Emeritus Pope Benedict

Confessing communities praise the contribution of the emeritus Pope

Evangelical Protestant News Agency Press Service, August 1, 2018, No. 179. 

NEWS

Opinion also "highly significant" for Protestant churches and ecumenism

 
Rome / Hamburg - The International Conference of Confessing Communities has welcomed the statement issued in July by Emeritus Pope Benedict XVI on the relationship between the Catholic Church and Judaism. His contribution, "Grace and vocation without remorse," has appeared in the theological journal Communio. Benedict comments on a document published in 2015 by the Vatican Commission for Religious Relations with the Jews.

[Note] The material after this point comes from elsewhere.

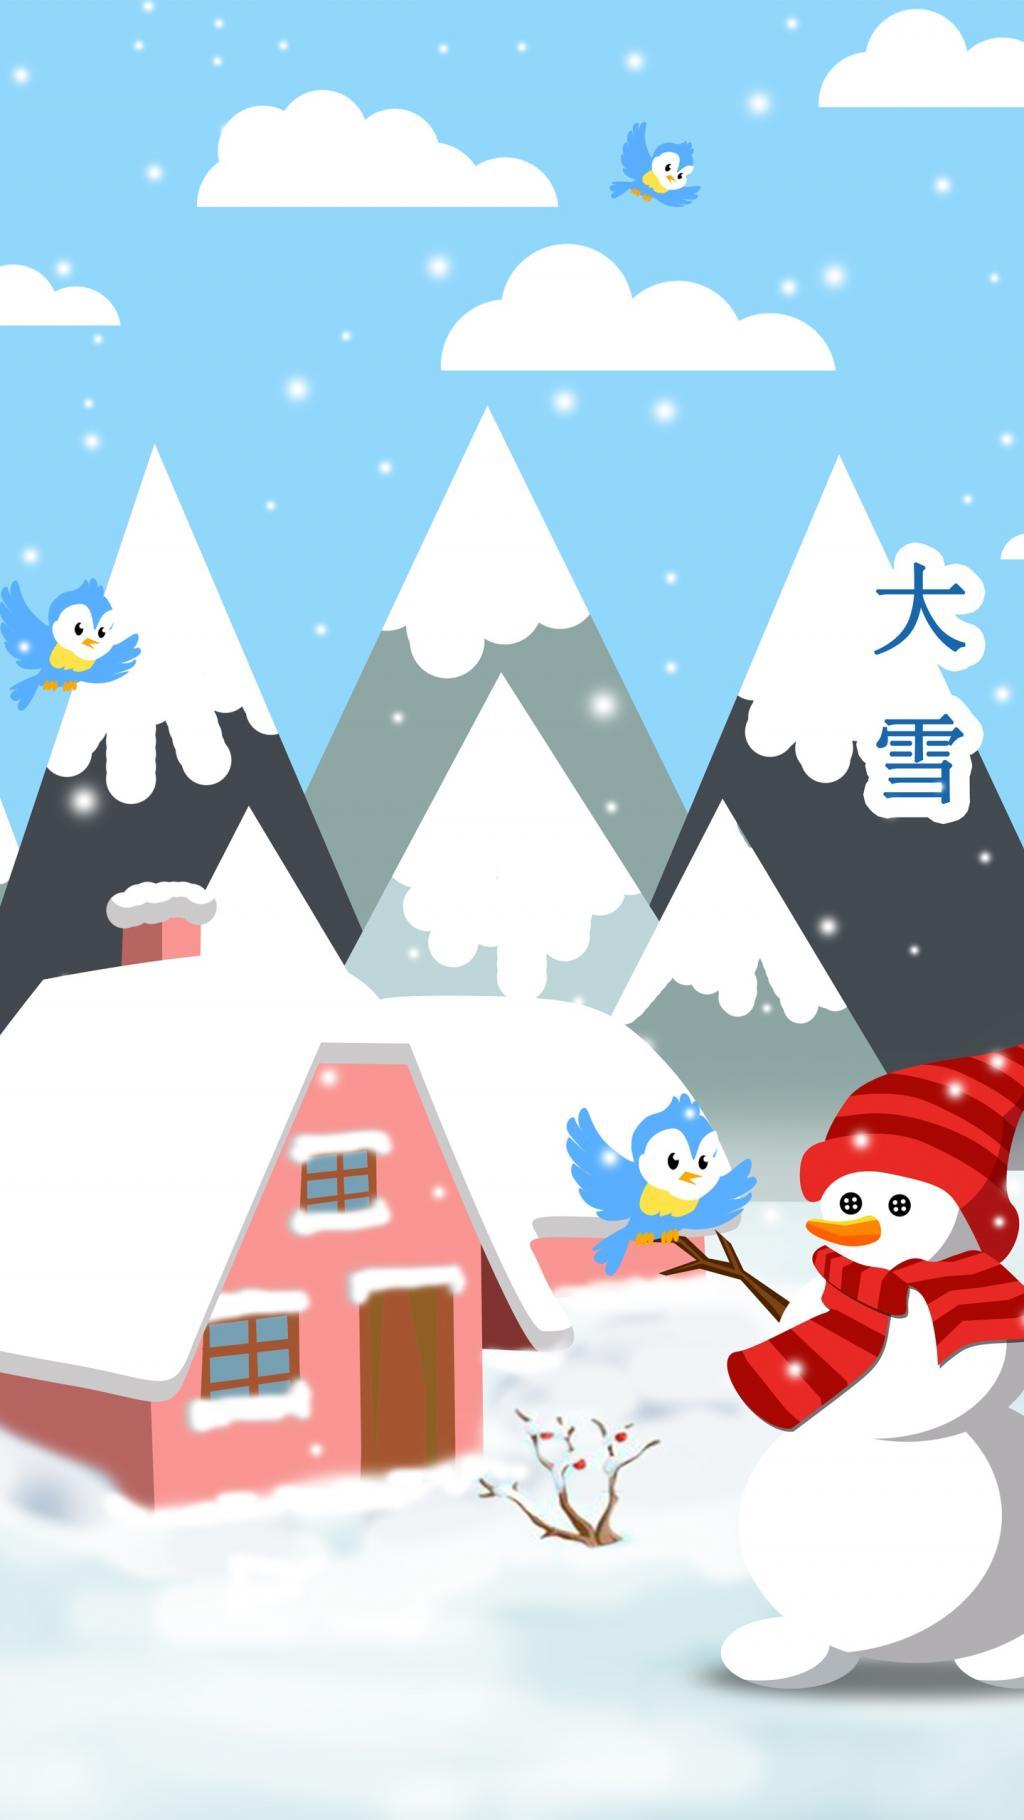 卡通大雪主题手机高清壁纸图片

The President of the International Conference of Confessing Communities, Pastor Ulrich Rüß (Hamburg), and the chairman of its theological commission, Rev. Werner Neuer (Schallbach bei Lörrach), praise the statement of the emeritus Pope as an "encouraging clarification." It was also a "highly significant document" for the Protestant churches and the whole ecumenical movement.
The contribution invites Christians and Jews to a dialogue that is committed to the truth of the Old and New Testaments. On the one hand, Benedict confirms the Jewish view that God never renounced the unique covenant with Israel. At the same time he reaffirmed the conviction of Jesus and the apostles that God through the cross and resurrection of Jesus had opened a universal covenant with all mankind: "This new covenant of God is open to the covenant people as well as to all people in all the nations of the earth." Benedict rightly emphasized "that the universal redemption through Jesus Christ specifically includes the covenant people of the Jews with its promises." The emeritus Pope had written in his contribution: "The reestablishment of the Sinai covenant in the new covenant in the blood of Christ, that is, in his death overcoming love, gives the covenant a new and eternally valid form." The International Conference of Confessing Communities regrets in its statement on Israel on Sunday (5 August), "that in the media the message of the universal love of God emphasized by Benedict was partly misunderstood and attacked in an anti-Jewish sense."